_Material provided_.

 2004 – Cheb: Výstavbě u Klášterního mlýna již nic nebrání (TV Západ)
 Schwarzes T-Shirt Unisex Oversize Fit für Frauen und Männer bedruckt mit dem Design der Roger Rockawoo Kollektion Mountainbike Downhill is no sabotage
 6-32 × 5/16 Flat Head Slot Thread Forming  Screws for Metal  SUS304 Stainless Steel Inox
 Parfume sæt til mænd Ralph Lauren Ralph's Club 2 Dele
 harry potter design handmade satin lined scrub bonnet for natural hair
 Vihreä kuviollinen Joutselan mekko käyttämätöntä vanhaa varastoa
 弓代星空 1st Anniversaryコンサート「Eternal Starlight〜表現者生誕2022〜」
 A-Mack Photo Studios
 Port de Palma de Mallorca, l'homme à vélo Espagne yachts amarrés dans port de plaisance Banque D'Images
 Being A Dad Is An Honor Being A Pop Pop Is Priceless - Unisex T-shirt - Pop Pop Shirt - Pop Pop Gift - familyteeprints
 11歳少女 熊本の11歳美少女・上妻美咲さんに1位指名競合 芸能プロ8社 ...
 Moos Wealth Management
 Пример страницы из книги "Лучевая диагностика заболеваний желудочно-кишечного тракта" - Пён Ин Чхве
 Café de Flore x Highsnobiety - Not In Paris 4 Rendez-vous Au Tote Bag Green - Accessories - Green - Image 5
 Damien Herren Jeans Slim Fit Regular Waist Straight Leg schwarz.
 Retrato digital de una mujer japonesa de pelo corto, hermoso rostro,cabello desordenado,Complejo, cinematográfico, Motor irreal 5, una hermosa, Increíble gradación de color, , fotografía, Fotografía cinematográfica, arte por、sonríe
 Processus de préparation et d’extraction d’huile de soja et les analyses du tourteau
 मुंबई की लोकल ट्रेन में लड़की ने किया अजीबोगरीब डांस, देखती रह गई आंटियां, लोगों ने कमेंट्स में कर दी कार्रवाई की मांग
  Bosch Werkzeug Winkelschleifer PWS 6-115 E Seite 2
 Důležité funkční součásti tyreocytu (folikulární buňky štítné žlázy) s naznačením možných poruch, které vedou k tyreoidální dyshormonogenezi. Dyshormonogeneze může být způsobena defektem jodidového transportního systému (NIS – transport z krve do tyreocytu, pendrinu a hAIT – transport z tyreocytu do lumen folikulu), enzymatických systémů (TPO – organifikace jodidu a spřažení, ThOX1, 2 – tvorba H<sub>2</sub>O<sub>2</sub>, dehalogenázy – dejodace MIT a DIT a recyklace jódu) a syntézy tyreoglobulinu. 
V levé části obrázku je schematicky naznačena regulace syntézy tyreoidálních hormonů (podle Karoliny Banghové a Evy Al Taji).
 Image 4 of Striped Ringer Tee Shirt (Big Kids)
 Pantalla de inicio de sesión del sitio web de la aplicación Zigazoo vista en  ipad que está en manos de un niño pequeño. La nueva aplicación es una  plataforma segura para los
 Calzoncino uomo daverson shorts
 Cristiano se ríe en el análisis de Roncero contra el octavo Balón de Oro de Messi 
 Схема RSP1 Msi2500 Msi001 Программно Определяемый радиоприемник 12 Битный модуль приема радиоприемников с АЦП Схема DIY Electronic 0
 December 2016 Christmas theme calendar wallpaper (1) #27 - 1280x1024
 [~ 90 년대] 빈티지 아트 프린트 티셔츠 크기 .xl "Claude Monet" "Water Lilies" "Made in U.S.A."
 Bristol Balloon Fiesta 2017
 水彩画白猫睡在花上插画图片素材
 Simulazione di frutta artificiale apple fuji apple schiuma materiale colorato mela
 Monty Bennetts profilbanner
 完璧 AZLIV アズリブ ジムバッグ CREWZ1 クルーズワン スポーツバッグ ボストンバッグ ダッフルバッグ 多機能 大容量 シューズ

_Work item_. Starting with the first entry and ending with the last, give all of them again unchanged.

_Written solution_.
 2004 – Cheb: Výstavbě u Klášterního mlýna již nic nebrání (TV Západ)
 Schwarzes T-Shirt Unisex Oversize Fit für Frauen und Männer bedruckt mit dem Design der Roger Rockawoo Kollektion Mountainbike Downhill is no sabotage
 6-32 × 5/16 Flat Head Slot Thread Forming  Screws for Metal  SUS304 Stainless Steel Inox
 Parfume sæt til mænd Ralph Lauren Ralph's Club 2 Dele
 harry potter design handmade satin lined scrub bonnet for natural hair
 Vihreä kuviollinen Joutselan mekko käyttämätöntä vanhaa varastoa
 弓代星空 1st Anniversaryコンサート「Eternal Starlight〜表現者生誕2022〜」
 A-Mack Photo Studios
 Port de Palma de Mallorca, l'homme à vélo Espagne yachts amarrés dans port de plaisance Banque D'Images
 Being A Dad Is An Honor Being A Pop Pop Is Priceless - Unisex T-shirt - Pop Pop Shirt - Pop Pop Gift - familyteeprints
 11歳少女 熊本の11歳美少女・上妻美咲さんに1位指名競合 芸能プロ8社 ...
 Moos Wealth Management
 Пример страницы из книги "Лучевая диагностика заболеваний желудочно-кишечного тракта" - Пён Ин Чхве
 Café de Flore x Highsnobiety - Not In Paris 4 Rendez-vous Au Tote Bag Green - Accessories - Green - Image 5
 Damien Herren Jeans Slim Fit Regular Waist Straight Leg schwarz.
 Retrato digital de una mujer japonesa de pelo corto, hermoso rostro,cabello desordenado,Complejo, cinematográfico, Motor irreal 5, una hermosa, Increíble gradación de color, , fotografía, Fotografía cinematográfica, arte por、sonríe
 Processus de préparation et d’extraction d’huile de soja et les analyses du tourteau
 मुंबई की लोकल ट्रेन में लड़की ने किया अजीबोगरीब डांस, देखती रह गई आंटियां, लोगों ने कमेंट्स में कर दी कार्रवाई की मांग
  Bosch Werkzeug Winkelschleifer PWS 6-115 E Seite 2
 Důležité funkční součásti tyreocytu (folikulární buňky štítné žlázy) s naznačením možných poruch, které vedou k tyreoidální dyshormonogenezi. Dyshormonogeneze může být způsobena defektem jodidového transportního systému (NIS – transport z krve do tyreocytu, pendrinu a hAIT – transport z tyreocytu do lumen folikulu), enzymatických systémů (TPO – organifikace jodidu a spřažení, ThOX1, 2 – tvorba H<sub>2</sub>O<sub>2</sub>, dehalogenázy – dejodace MIT a DIT a recyklace jódu) a syntézy tyreoglobulinu. 
V levé části obrázku je schematicky naznačena regulace syntézy tyreoidálních hormonů (podle Karoliny Banghové a Evy Al Taji).
 Image 4 of Striped Ringer Tee Shirt (Big Kids)
 Pantalla de inicio de sesión del sitio web de la aplicación Zigazoo vista en  ipad que está en manos de un niño pequeño. La nueva aplicación es una  plataforma segura para los
 Calzoncino uomo daverson shorts
 Cristiano se ríe en el análisis de Roncero contra el octavo Balón de Oro de Messi 
 Схема RSP1 Msi2500 Msi001 Программно Определяемый радиоприемник 12 Битный модуль приема радиоприемников с АЦП Схема DIY Electronic 0
 December 2016 Christmas theme calendar wallpaper (1) #27 - 1280x1024
 [~ 90 년대] 빈티지 아트 프린트 티셔츠 크기 .xl "Claude Monet" "Water Lilies" "Made in U.S.A."
 Bristol Balloon Fiesta 2017
 水彩画白猫睡在花上插画图片素材
 Simulazione di frutta artificiale apple fuji apple schiuma materiale colorato mela
 Monty Bennetts profilbanner
 完璧 AZLIV アズリブ ジムバッグ CREWZ1 クルーズワン スポーツバッグ ボストンバッグ ダッフルバッグ 多機能 大容量 シューズ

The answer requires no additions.